We commend Hara et al. for undertaking a complex and industry-independent randomized controlled trial (RCT) of spinal cord stimulation (SCS) for persistent spinal pain following lumbar surgery [1]. We also wish to celebrate the recent publication by Dhurva et al. comparing SCS to conventional medical management [2]. However, we feel obligated to remark on methodological concerns and conclusions drawn from these publications to provide appropriate context and interpretation for providers, patients, and payers.
Hara et al. used a blinded design to compare sham stimulation to paresthesia-free stimulation described by the authors as “burst” stimulation. This “burst” stimulation was dissimilar to established SCS therapies and its efficacy has not been demonstrated [[3], [4], [5]]. Sham control is useful to assess the efficacy of this particular SCS setting, but inference cannot be made regarding any other stimulation parameter without additional research.
Another concern is that the SCS intervention in this study exclusively used one type of paresthesia-free stimulation, preventing optimization of the therapy based on individual responses to the full complement of available SCS settings, as per standard of care [6,7]. This element of study design led to patient selection that does not reflect SCS in practice.

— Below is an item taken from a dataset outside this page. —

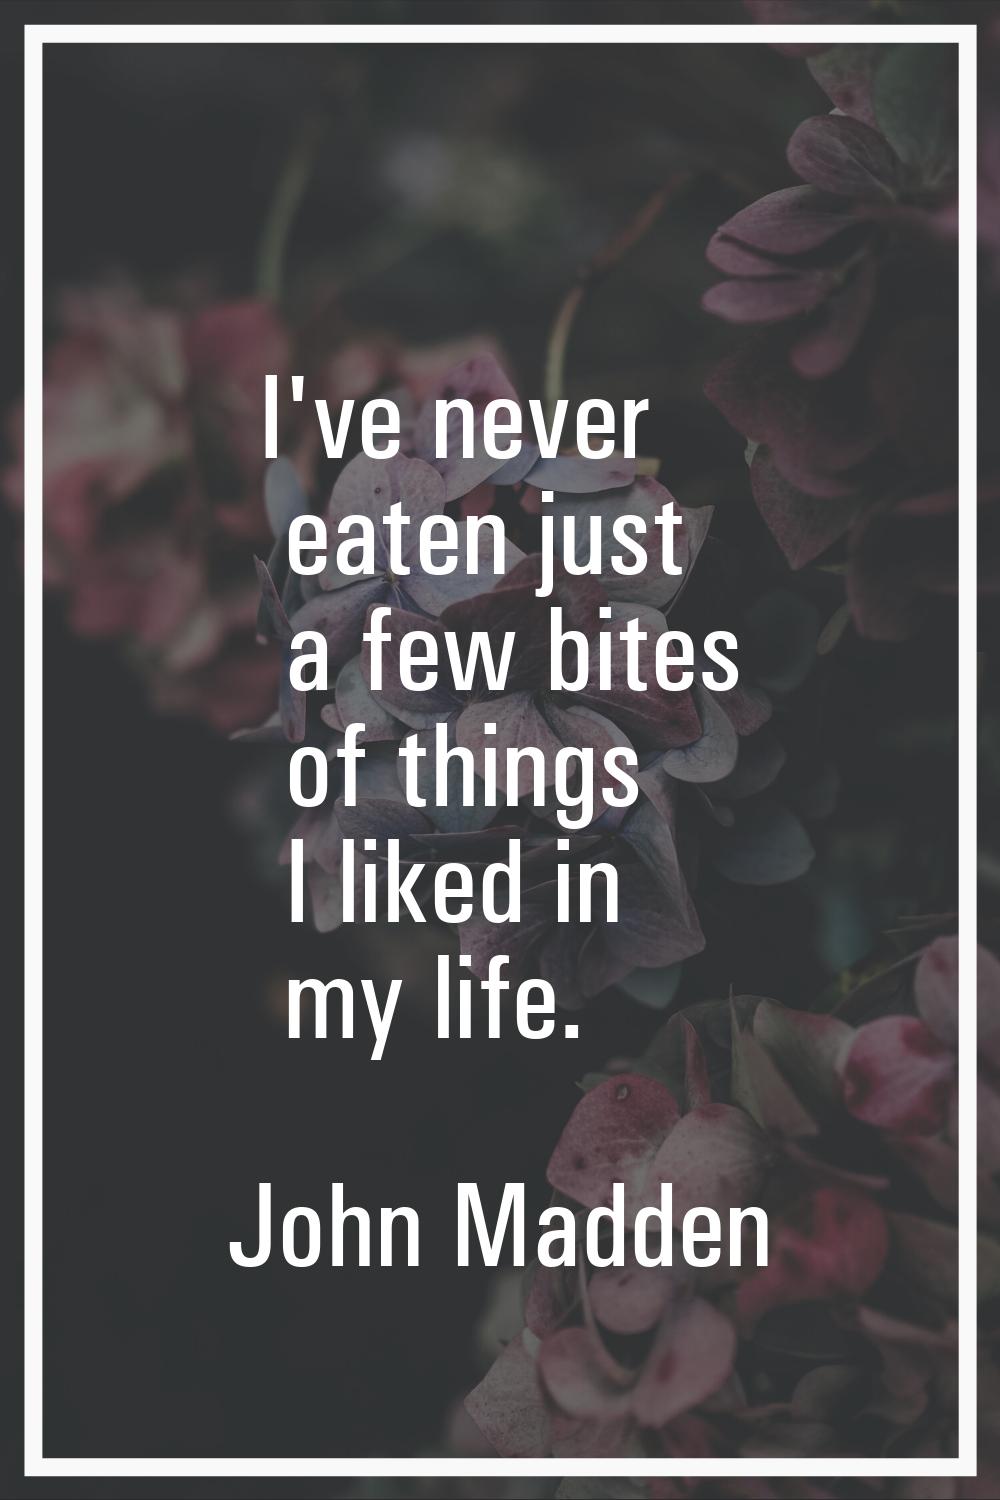 I've never eaten just a few bites of things I liked in my life.

The findings therefore do not generalize to SCS standard of care, despite the authors’ assertion of such.
In contrast, De Andres et al. published the results of a prospective, blinded, and non-industry financed RCT on patients with Failed Back Surgery Syndrome demonstrated meaningful pain relief at conventional and high-frequency SCS settings [8]. The authors conclude that failed SCS at one setting or waveform does not translate to failed SCS with every waveform and encourage identifying the SCS setting(s) that lead to the best treatment outcomes for each patient [6,8].

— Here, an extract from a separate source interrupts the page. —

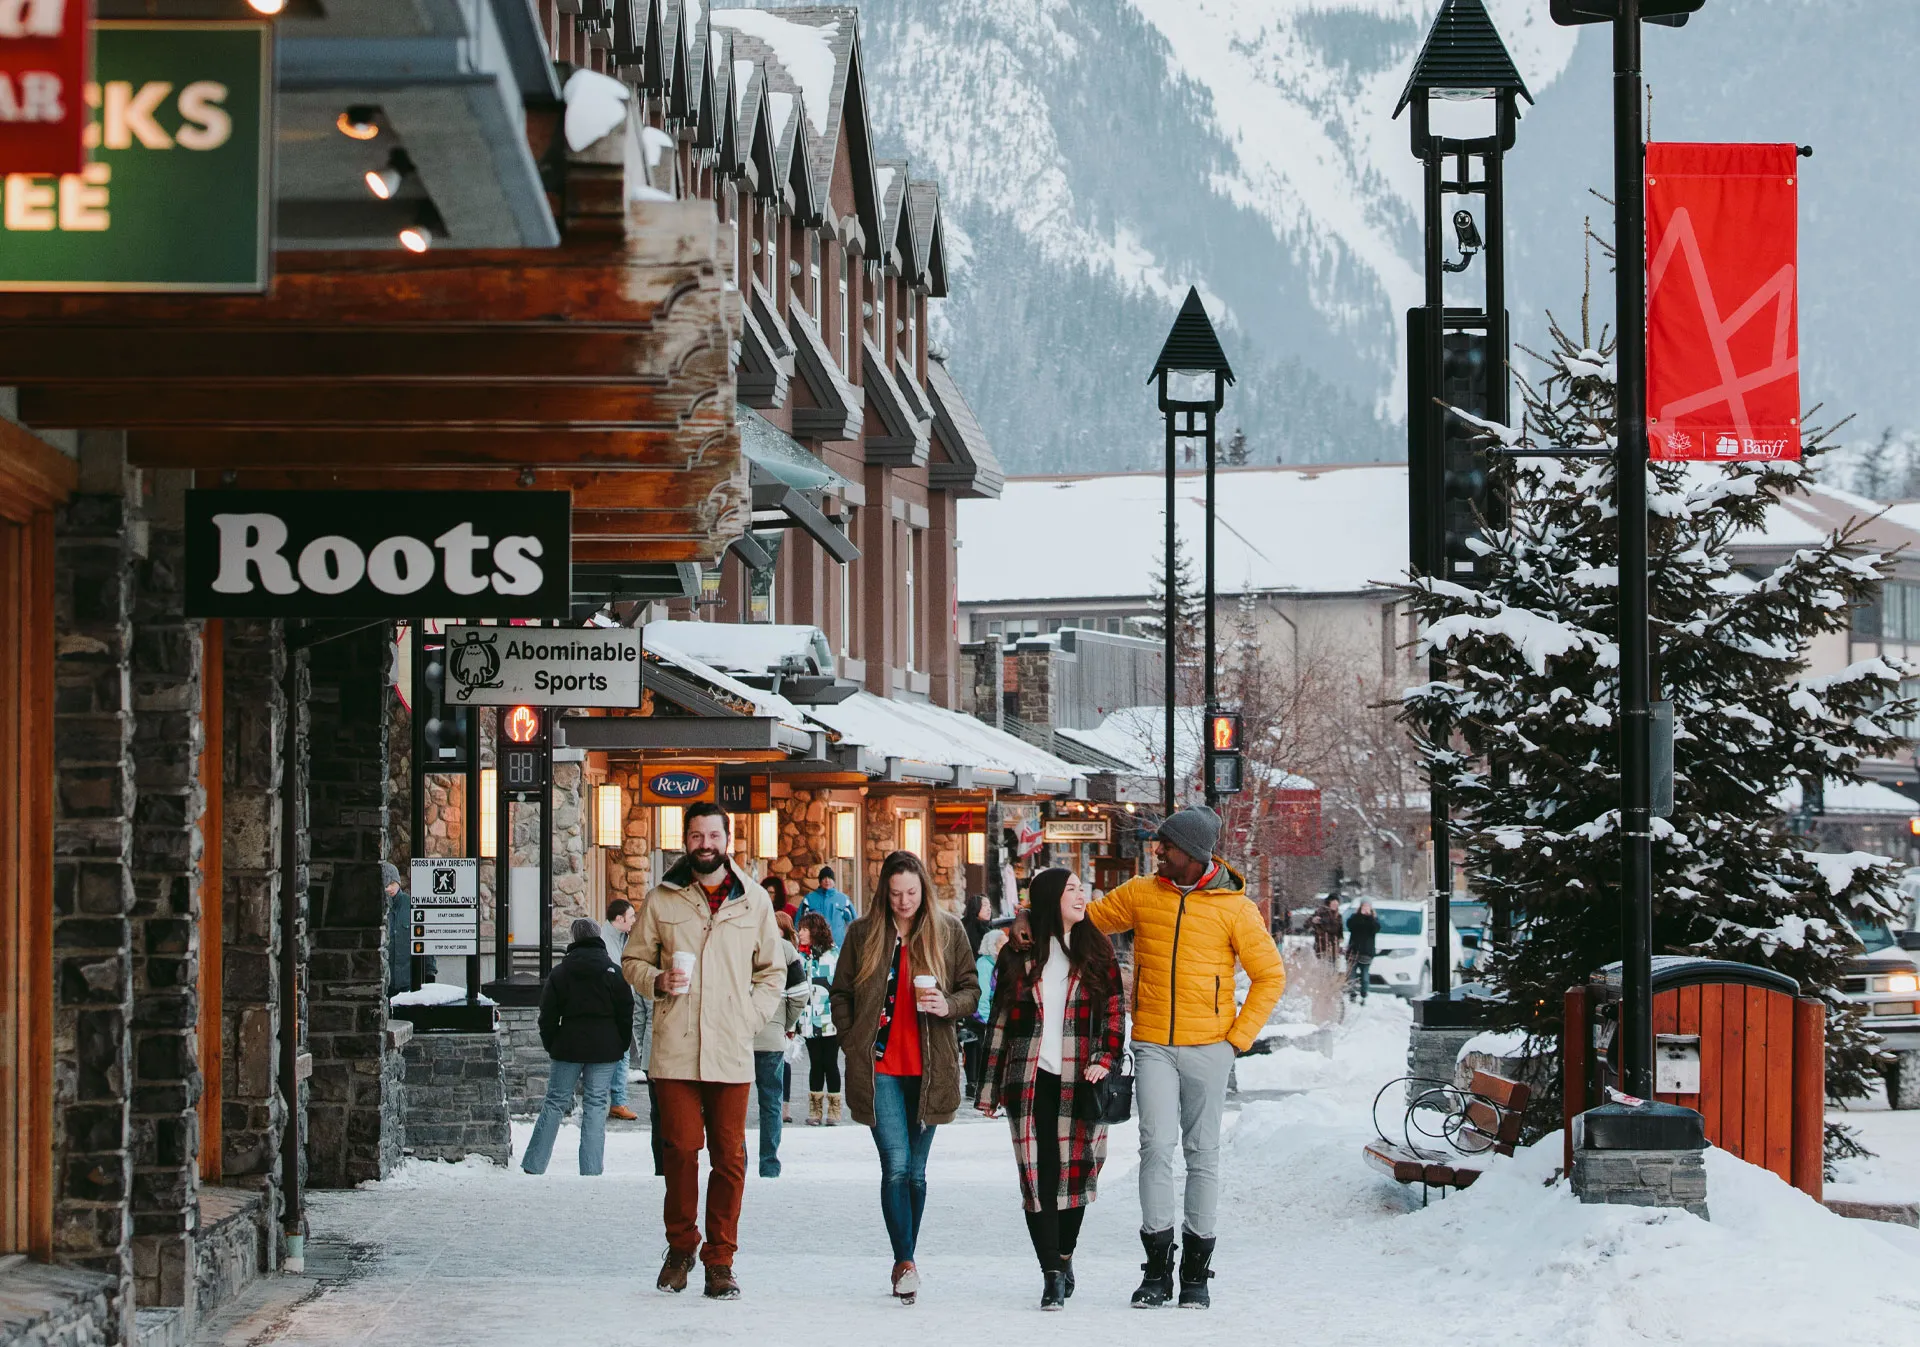 Exploring the town of Banff

Another recent article on SCS from Dhruva et al. retrospectively assessed opioid usage, interventional procedure usage, and cost following SCS implantation compared to a control cohort among patients with chronic pain. Their results revealed no statistically significant difference in opioid utilization and further spinal interventions 2 years after SCS placement compared to the control cohort[2]. These findings are in line with those published by Vu et al., showing no substantial reduction in opioid use after SCS implantation [9]. However, these results are dissimilar to previous publications which demonstrate varying levels of opiate reduction associated with SCS [[10], [11], [12]].

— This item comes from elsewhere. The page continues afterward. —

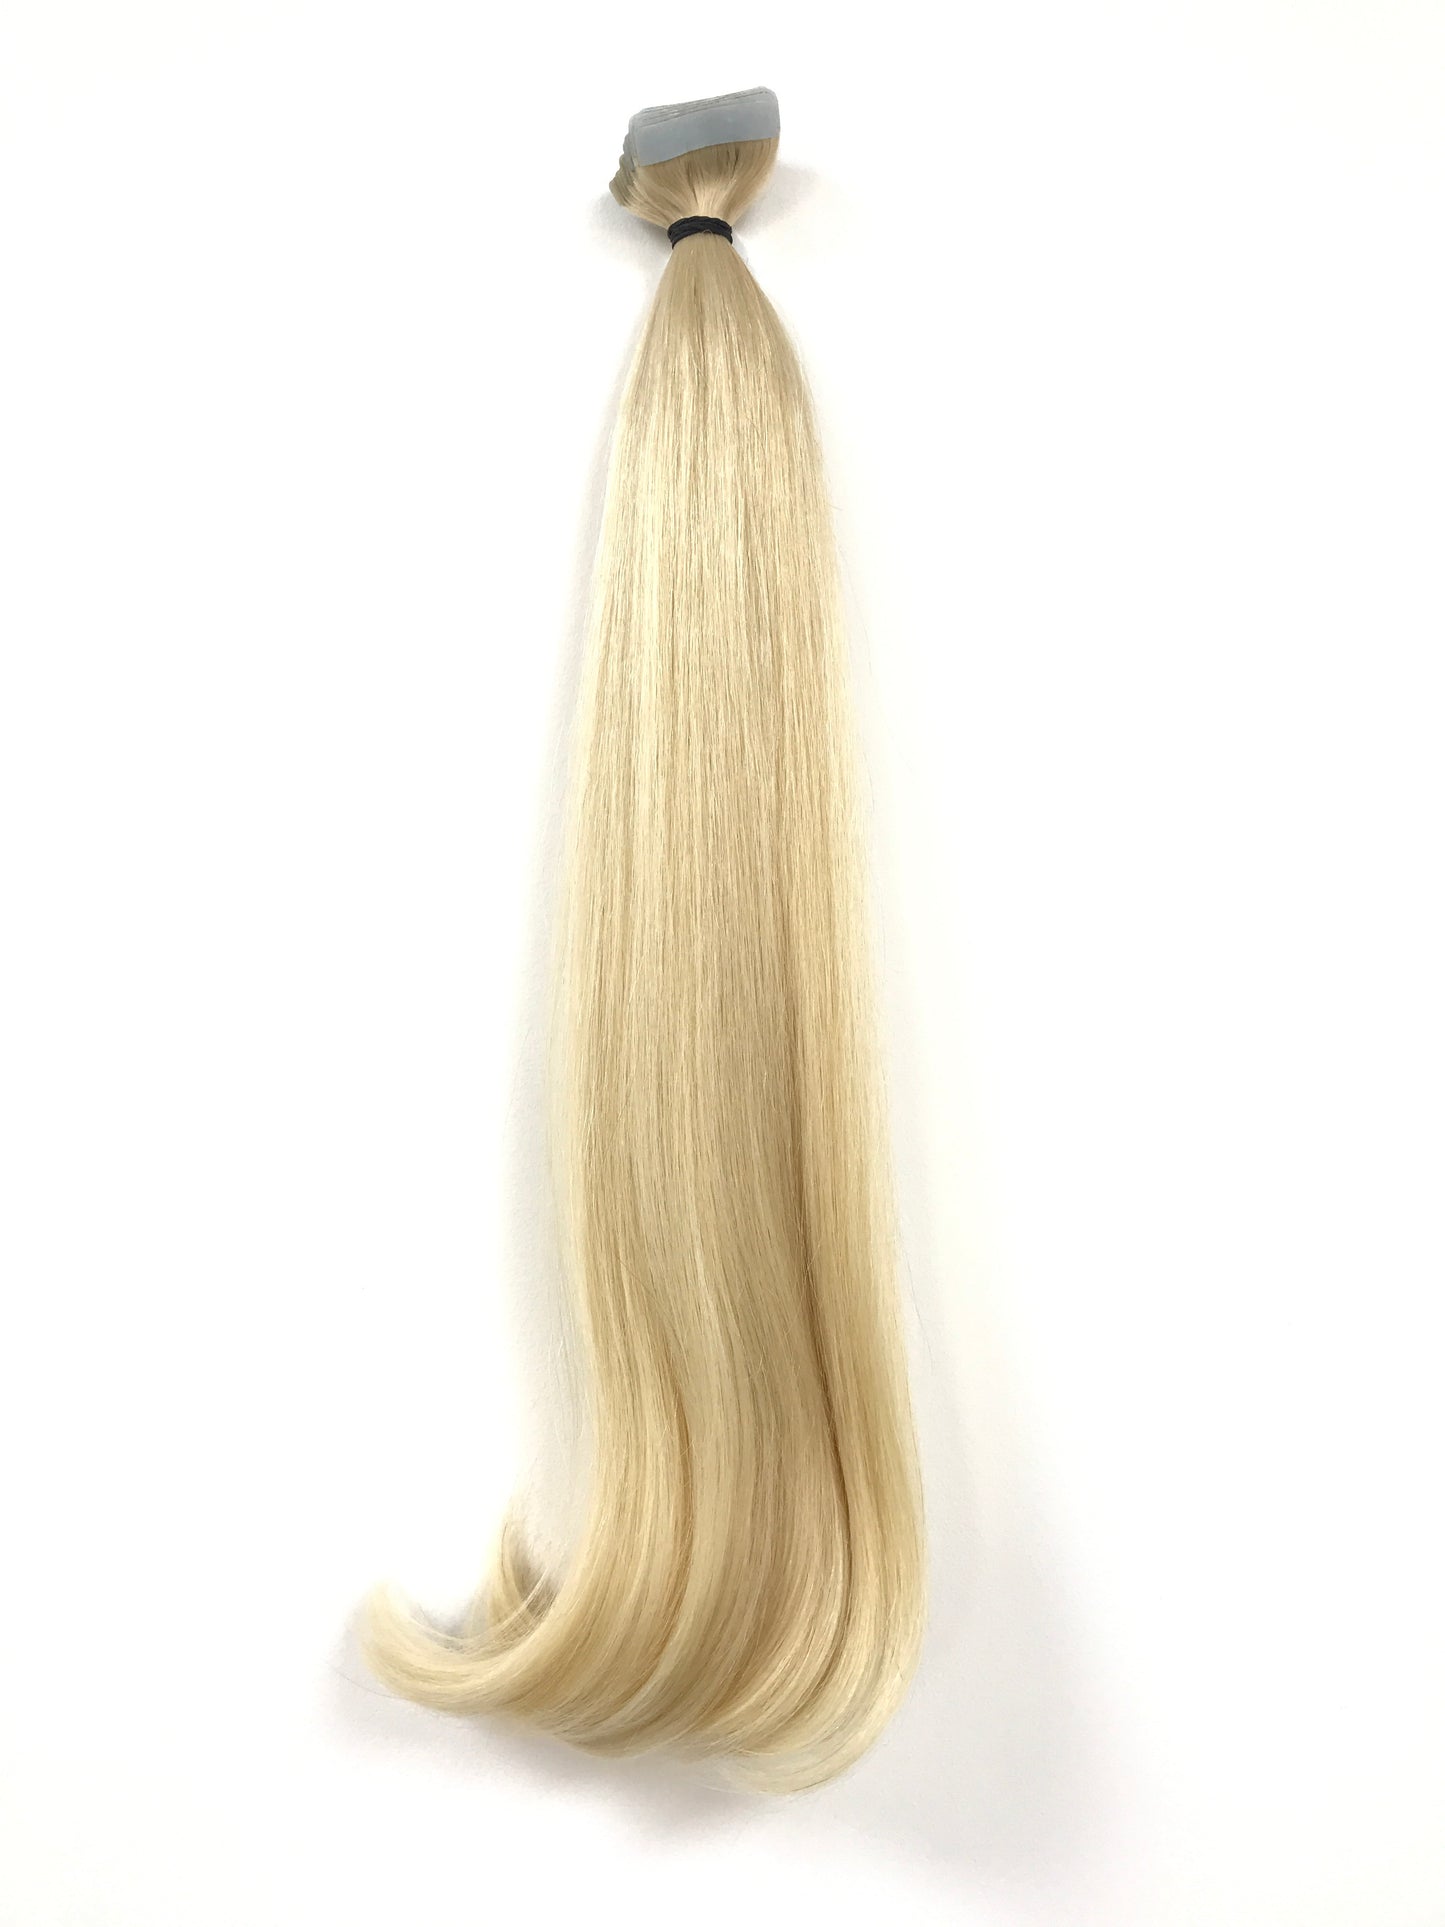 Russian Virgin Remy Human Hair, Tape Extensions, Straight, 18'', Blonde. Quick Shipping!-Virgin Hair & Beauty, The Best Hair Extensions, Real Virgin Human Hair.

Moreover, we are not convinced that the cohorts are similar since they received dissimilar treatments. The supplemental data published along with the Dhruva et al. article paint a more complete picture. In the first year, SCS patients had a higher opioid dose than the non-SCS cohort, but similar in the second, which may indicate a decrease in opioid dose. Further, non-SCS patients were more likely to undergo spine surgery in the first year compared to the SCS cohort, which was not pointed out by the authors but may represent a very clinically significant outcome difference between the groups.
Finally, we must note that the outcomes reported (opioid dose and use of spinal injections) are worthwhile data points that may be useful for health systems and public health considerations but are not surrogates for the treatment's effects on pain or function. Thus, conclusions regarding efficacy in terms of pain and function should not be drawn.
Our hope is that these publications and our commentary may be used to guide future industry-independent studies to best evaluate the potential of SCS. We applaud efforts to provide real-world data as well as RCTs that are not sponsored by industry but encourage our colleagues against broad generalizations in their conclusions.
Declaration of competing interest
The authors declare the following financial interests/personal relationships which may be considered as potential competing interests:Byron Schneider reports a relationship with Spine Intervention Society that includes: board membership and travel reimbursement. Zach McCormick reports a relationship with Spine Intervention Society that includes: board membership. Zach McCormick reports a relationship with Boston Scientific Corporation that includes: funding grants. Ad hoc editor for Interventional Pain Medicine - Byron Schneider Associate Editor, Biologics - Regenerative Medicine for Interventional Pain Medicine - Christine Hunt Associate Editor, Minimally Invasive Surgery for Interventional Pain Medicine - W. Evan Rivers.